In your application supervisor (lib/my_app/application.ex):

def start(_type, _args) do
  children = [
    MyApp.SlackBot
  ]

  Supervisor.start_link(children, strategy: :one_for_one, name: MyApp.Supervisor)
end

12. Run

Set your environment variables and start:

export SLACK_APP_TOKEN="xapp-..."
export SLACK_BOT_TOKEN="xoxb-..."
iex -S mix

Invite your bot to a channel (/invite @MyBot) and mention it. You should see a reply.
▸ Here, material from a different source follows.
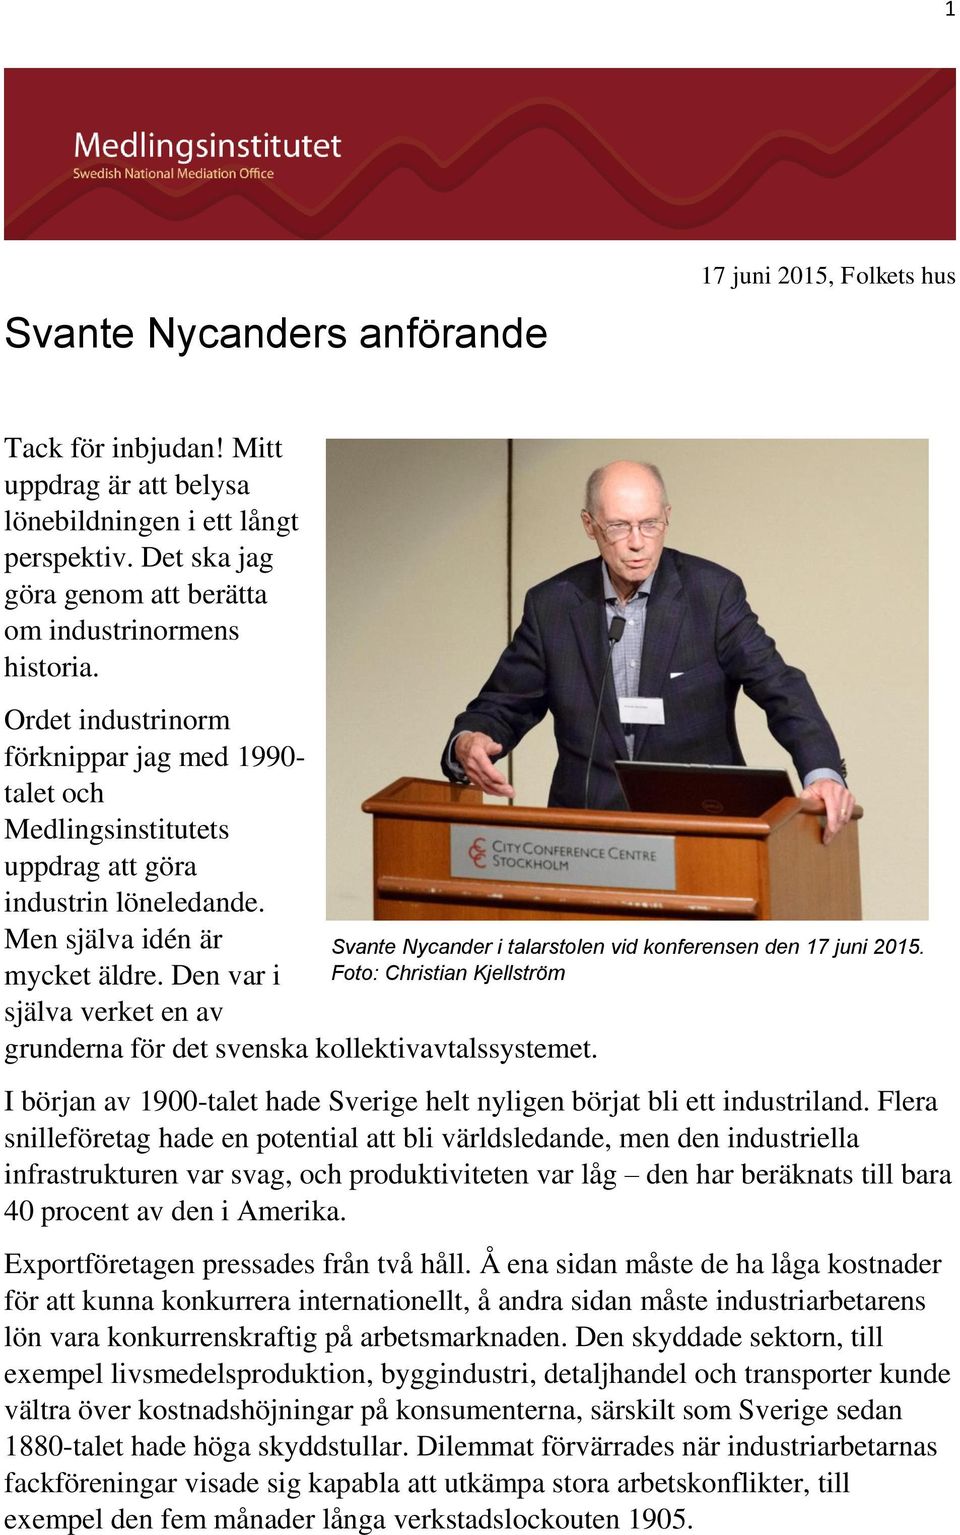 Men själva idén är mycket äldre. Den var i själva verket en av grunderna för det svenska kollektivavtalssystemet. Svante Nycander i talarstolen vid konferensen den 17 juni 2015.

Adding a Slash Command Handler

If you created a /demo command in step 6, add a handler:

defmodule MyApp.SlackBot do
  use SlackBot, otp_app: :my_app

  slash "/demo" do
    value :action

    handle payload, _ctx do
      action = payload["parsed"][:action] || "nothing"
      MyApp.SlackBot.push({"chat.postMessage", %{
        "channel" => payload["channel_id"],
        "text" => "You asked me to: #{action}"
      }})
    end
  end

  handle_event "app_mention", event, _ctx do
    MyApp.SlackBot.push({"chat.postMessage", %{
      "channel" => event["channel"],
      "text" => "Hi <@#{event["user"]}>!"
    }})
  end
end

Try /demo deploy in Slack. The handler receives %{action: "deploy"} in payload["parsed"].
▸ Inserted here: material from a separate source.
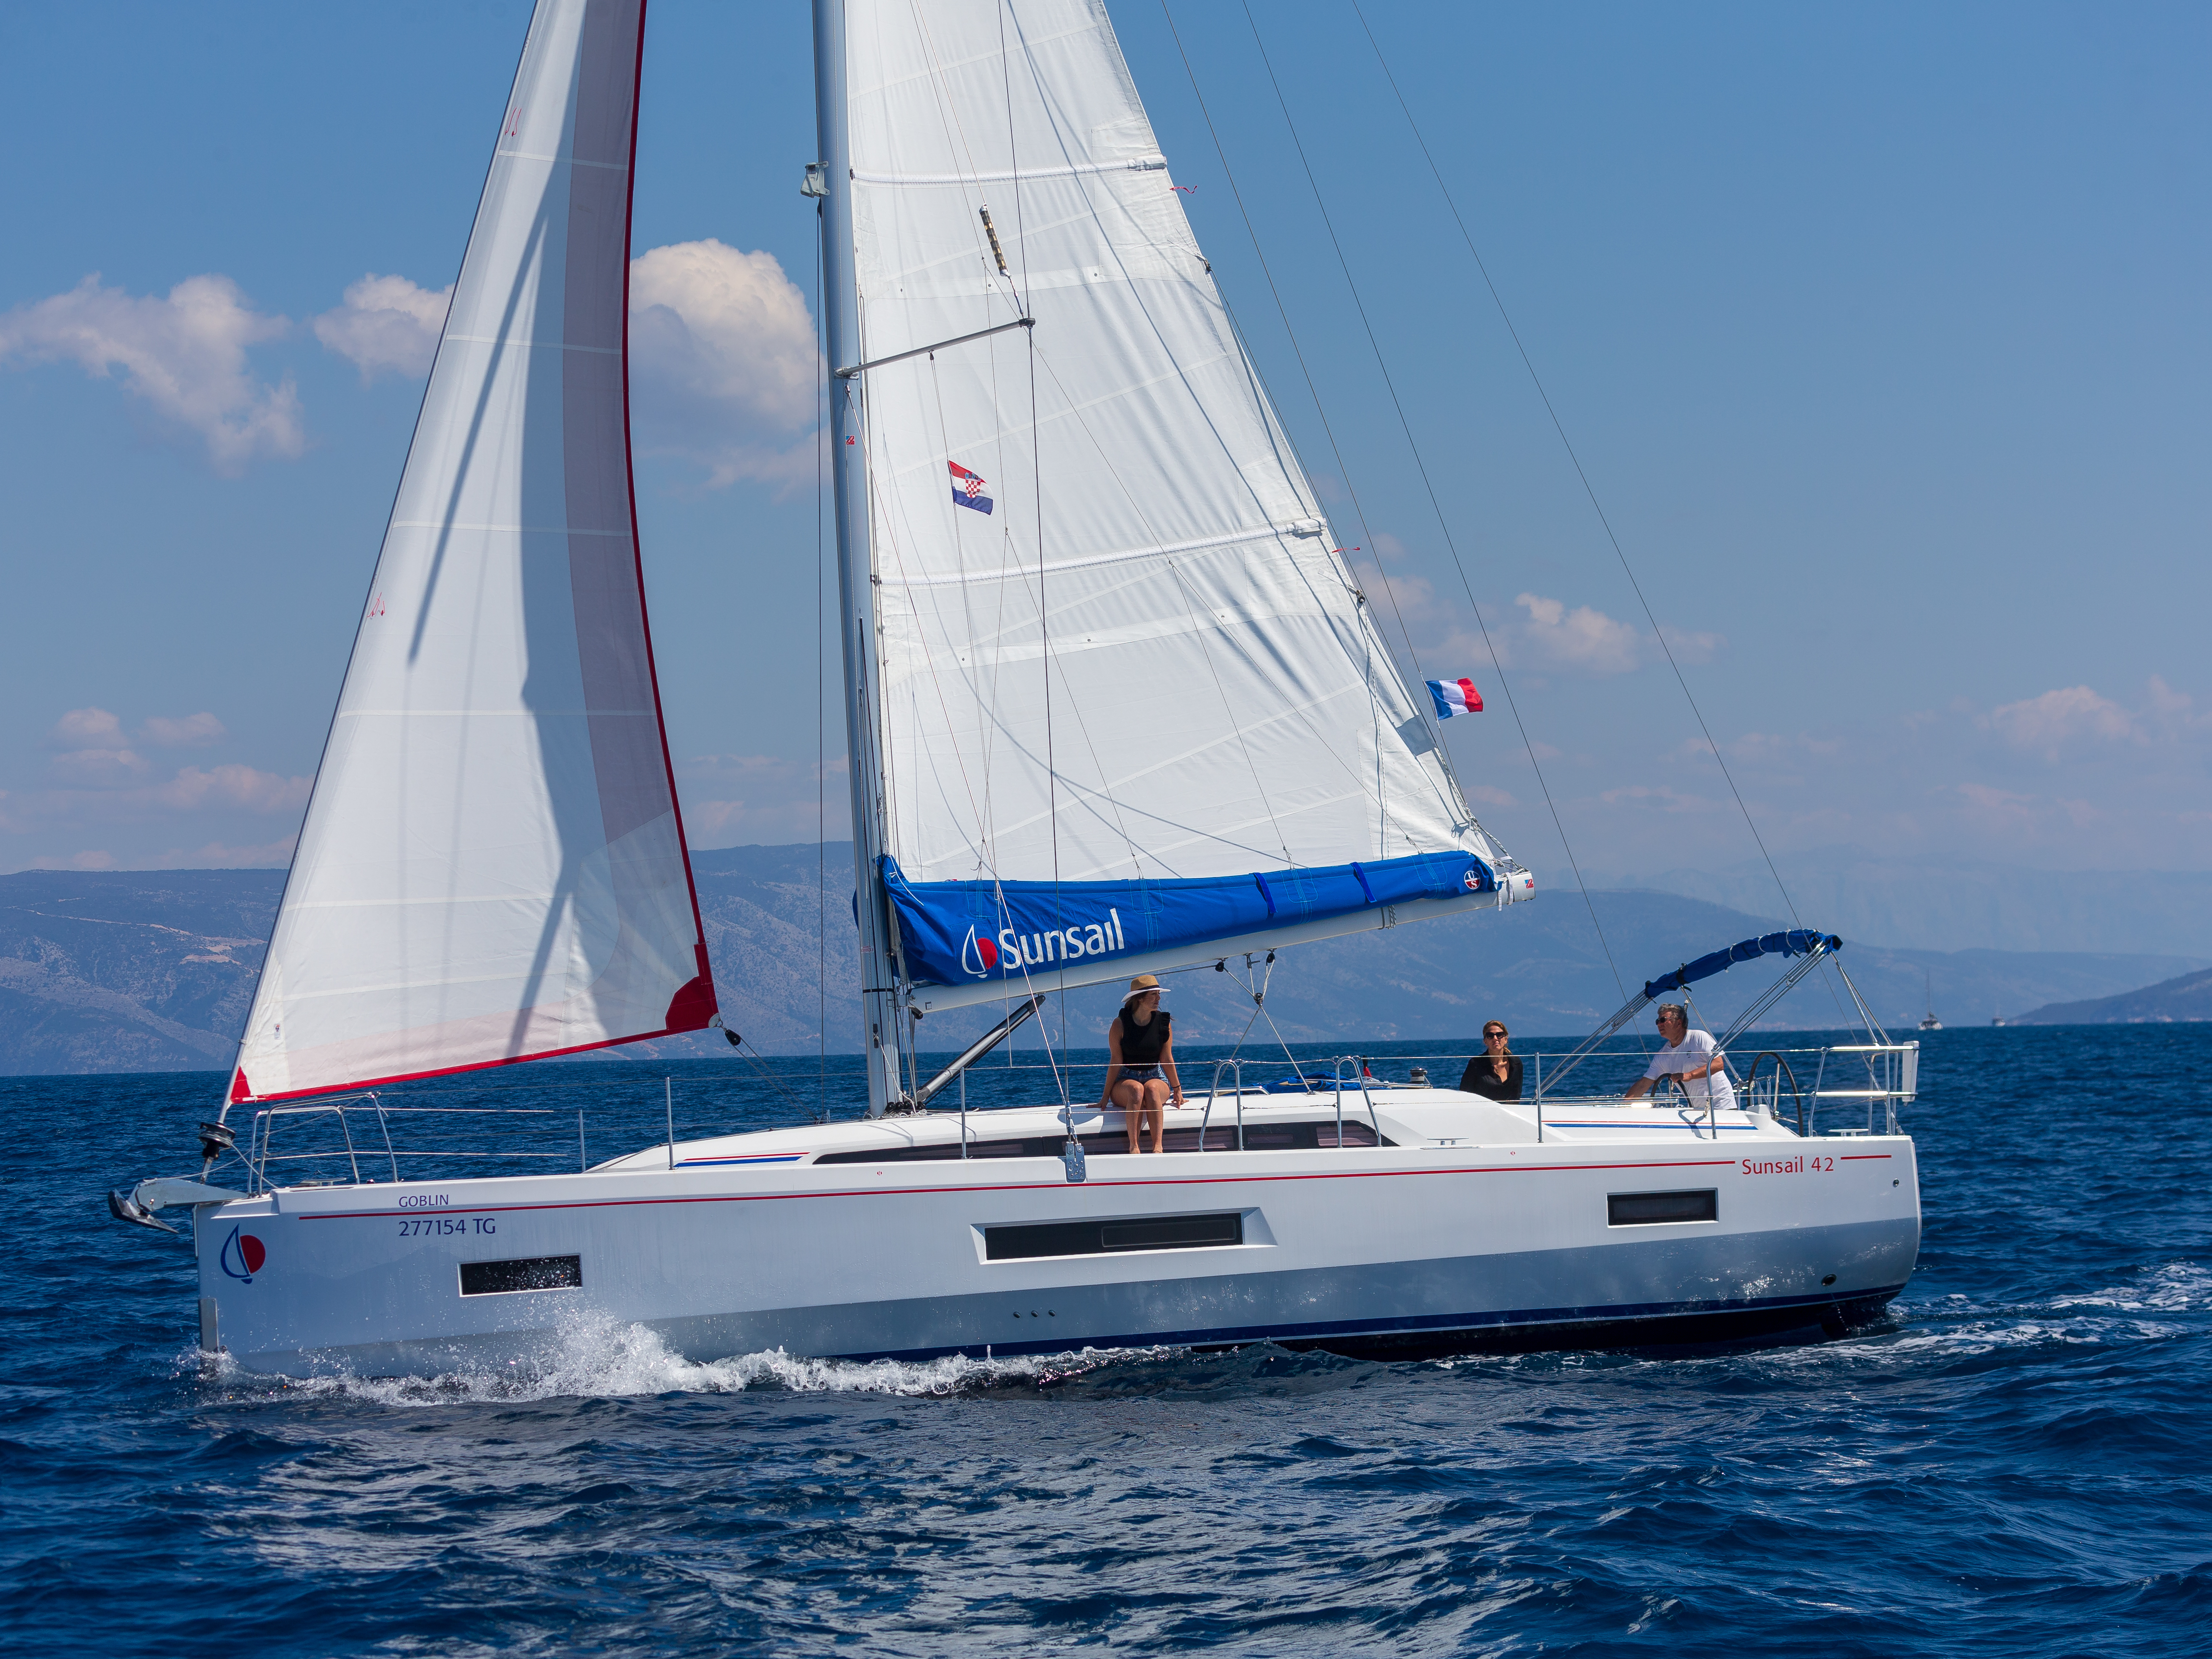 Yacht charter Sunsail 42 - Croatia, Central Dalmatia, Marina

What's Running Under the Hood

When your supervisor starts MyApp.SlackBot, SlackBot:

  1. Reads configuration from :my_app app env and validates tokens
  2. Starts an HTTP pool for Web API requests
  3. Starts the ETS-backed cache and event buffer
  4. Calls apps.connections.open to get a WebSocket URL
  5. Opens the Socket Mode connection
  6. Spawns supervised tasks for each incoming event

If the connection drops, SlackBot reconnects with exponential backoff. If Slack returns rate-limit headers, the rate limiter pauses outbound requests until the window passes.

Next Steps

The examples/basic_bot/ directory contains a full working bot demonstrating middleware, advanced grammars, and diagnostics replay.